In practice, a typical ultrasound device will have an emitter device, often hand-held, that contains a number of ultrasonic beam emitters. These ultrasonic beam emitters will each transmit an ultrasonic beam from essentially the same starting point, with each beam fanning out at a slightly different angle. In this way, the beams will cover the entire target area.
As a result of this engineering design choice, the image data that is gathered from the reflected ultrasonic waves is most easily stored using polar coordinates. In particular, each data point corresponding to an ultrasonic reflection is identified by an angle corresponding to the angle of the reflected beam, a distance (i.e., radius) of the reflection, and pixel data.
However, standard video display devices, such as cathode ray tubes (CRTs), liquid crystal displays (LCDs), plasma displays, or the like, are typically laid out with a set of display pixels using x-y coordinates (i.e., Cartesian coordinates). In other words, the display devices usually have their display pixels set up in an array of parallel rows and parallel columns defined using x-y coordinates. Images are provided to the display device by providing image data in a similar array that corresponds to the pixel array of the display device. This can be accomplished using a raster scan (e.g., in a CRT), individual addressing of pixel display elements (e.g., in an LCD), or any other suitable method.
When using such a display element in an ultrasound system, it is therefore necessary for the system to convert the received ultrasound image data from polar coordinates into x-y coordinates so that it will be suitable for desired display device. This is typically achieved by performing a mathematical conversion process on the polar coordinate data to approximate x-y coordinate data that corresponds to the polar coordinate data.

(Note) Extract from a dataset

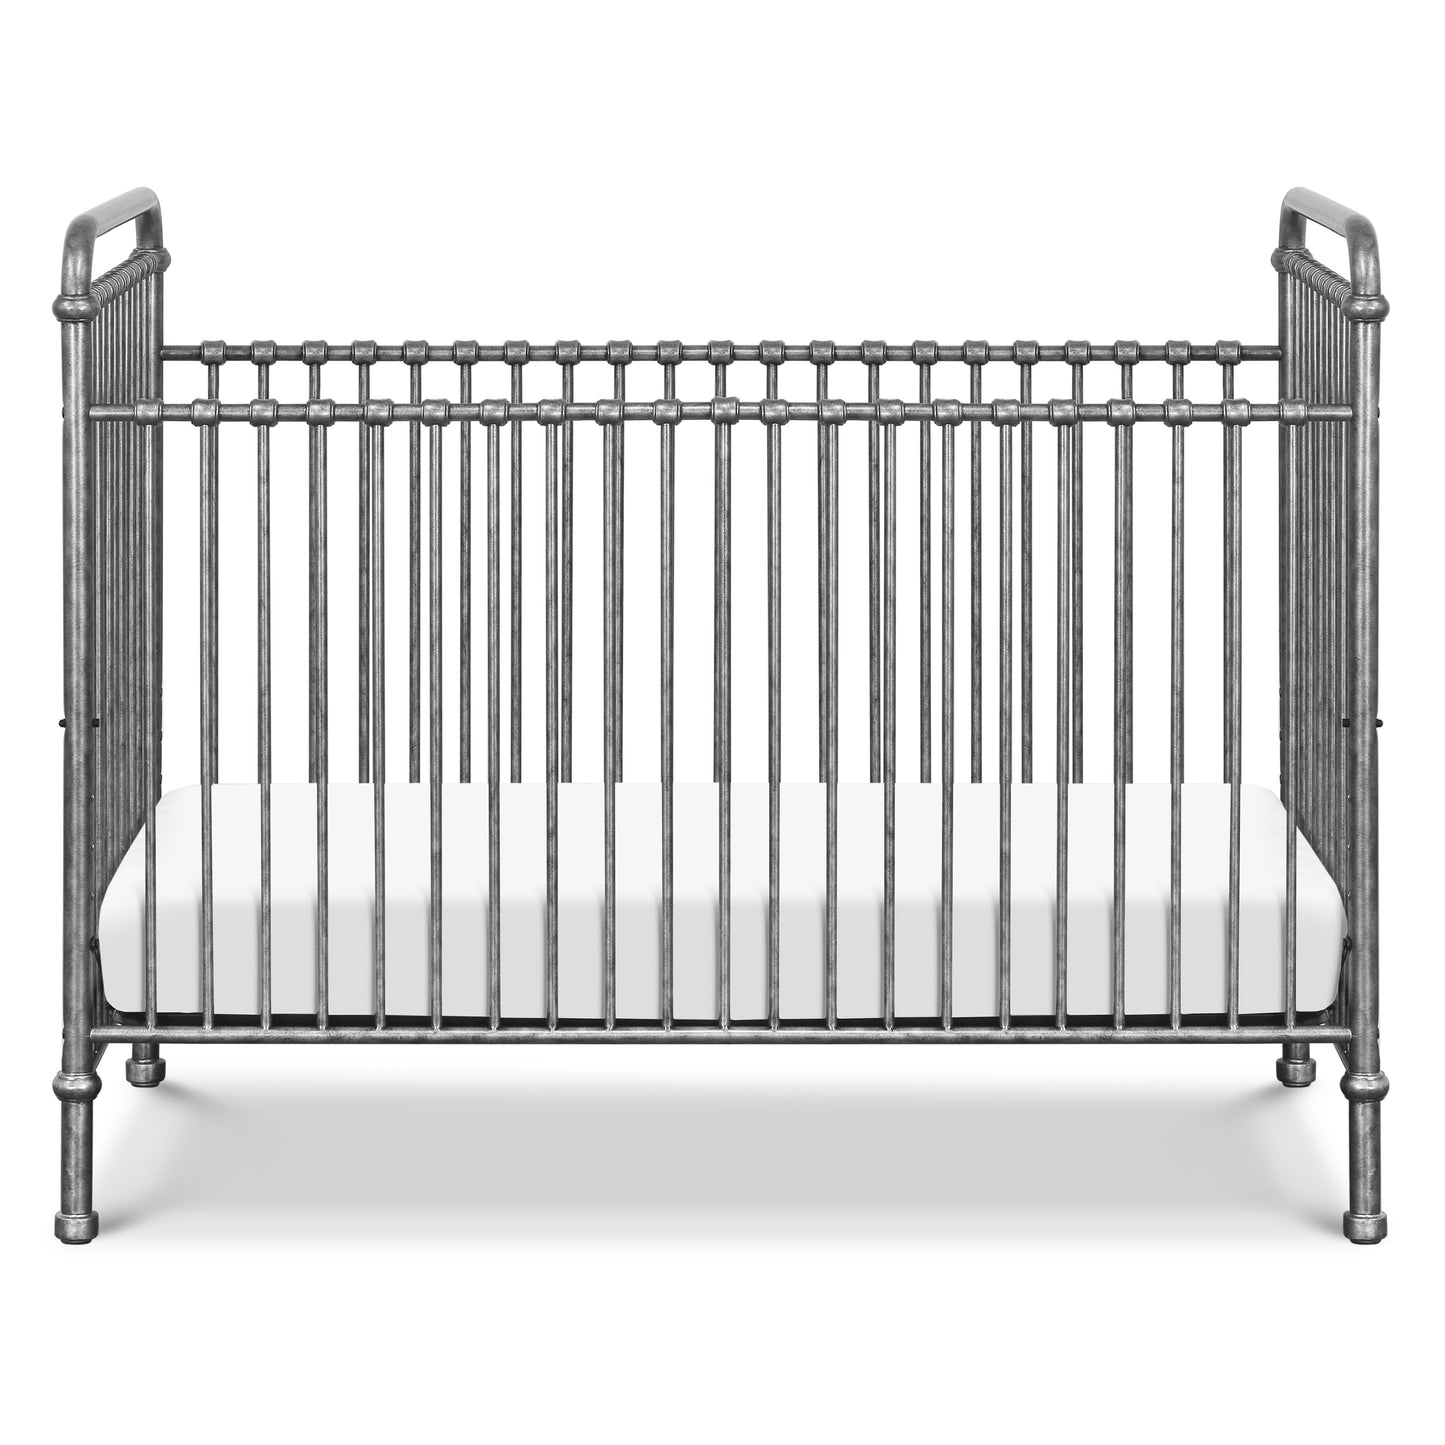 M15501VS,Abigail 3-in-1 Convertible Crib in Vintage Silver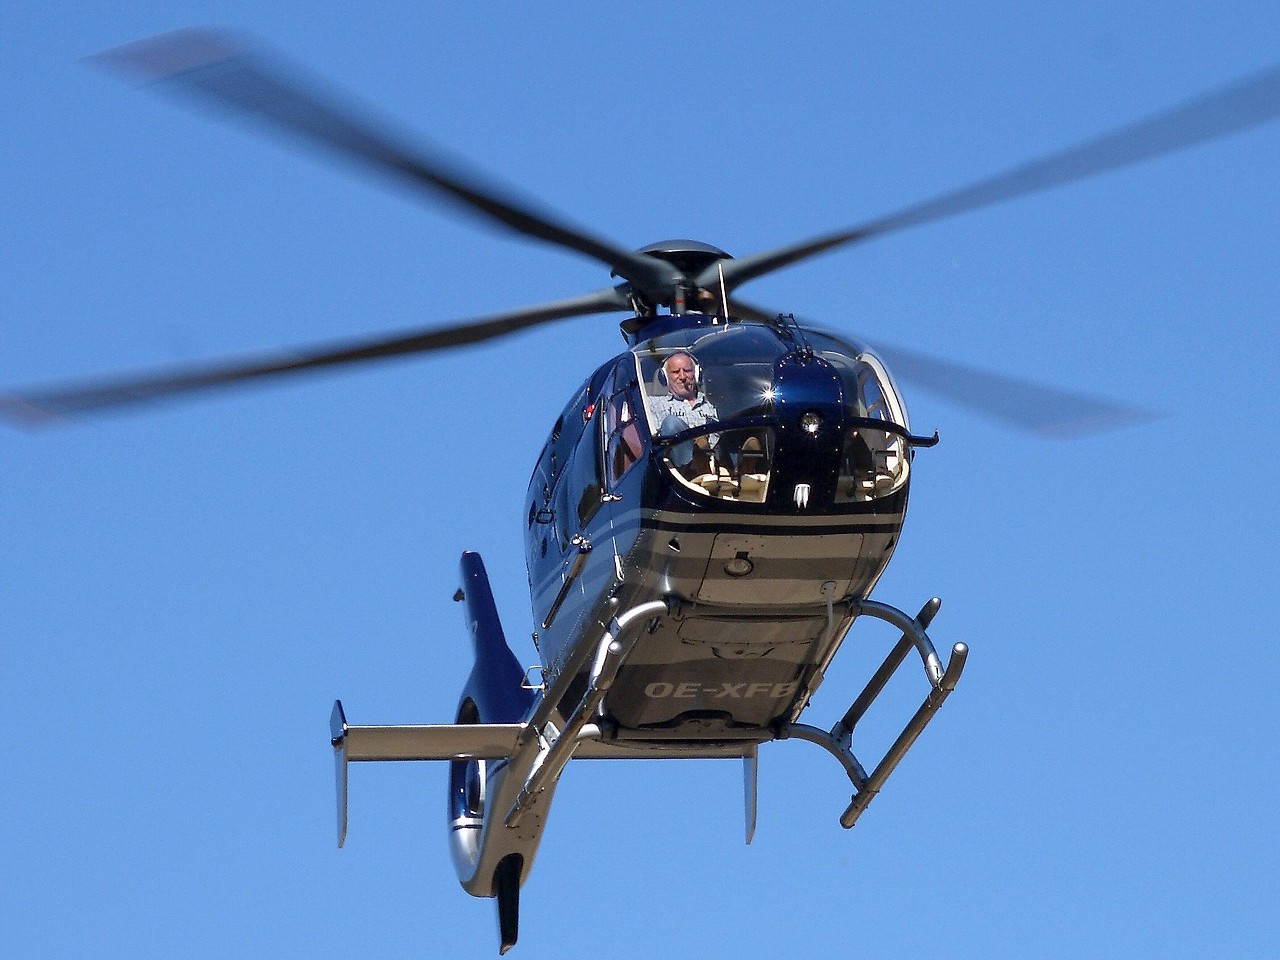 Mr. Mateschitz on a helicopter.

Furthermore, because an ultrasound device must display its images in real-time, it is necessary for this conversion process to likewise be performed in real-time. This means that whatever processor is performing the conversion process must be able to access a stored image frame polar coordinate data quickly enough to achieve real-time conversion into x-y coordinate data. As a result, the polar coordinate data must typically be stored in a fast-access memory element, such as an internal memory element associated with the processor, e.g., an internal CPU cache, such as a level 1 cache or a level 2 cache. In one embodiment, this can be implemented using a static random access memory (SRAM) element.
However, the expense of a memory generally increases along with its speed and its size. This means that a memory both large enough to hold the entire polar coordinate data set for a given ultrasound image frame and with a fast enough access time or latency to allow real-time conversion to x-y coordinate data would be comparatively expensive
It would therefore be desirable to provide a way to initially store the polar coordinate data in a cheaper, slower memory, and switch it to a faster memory only as needed for data conversion.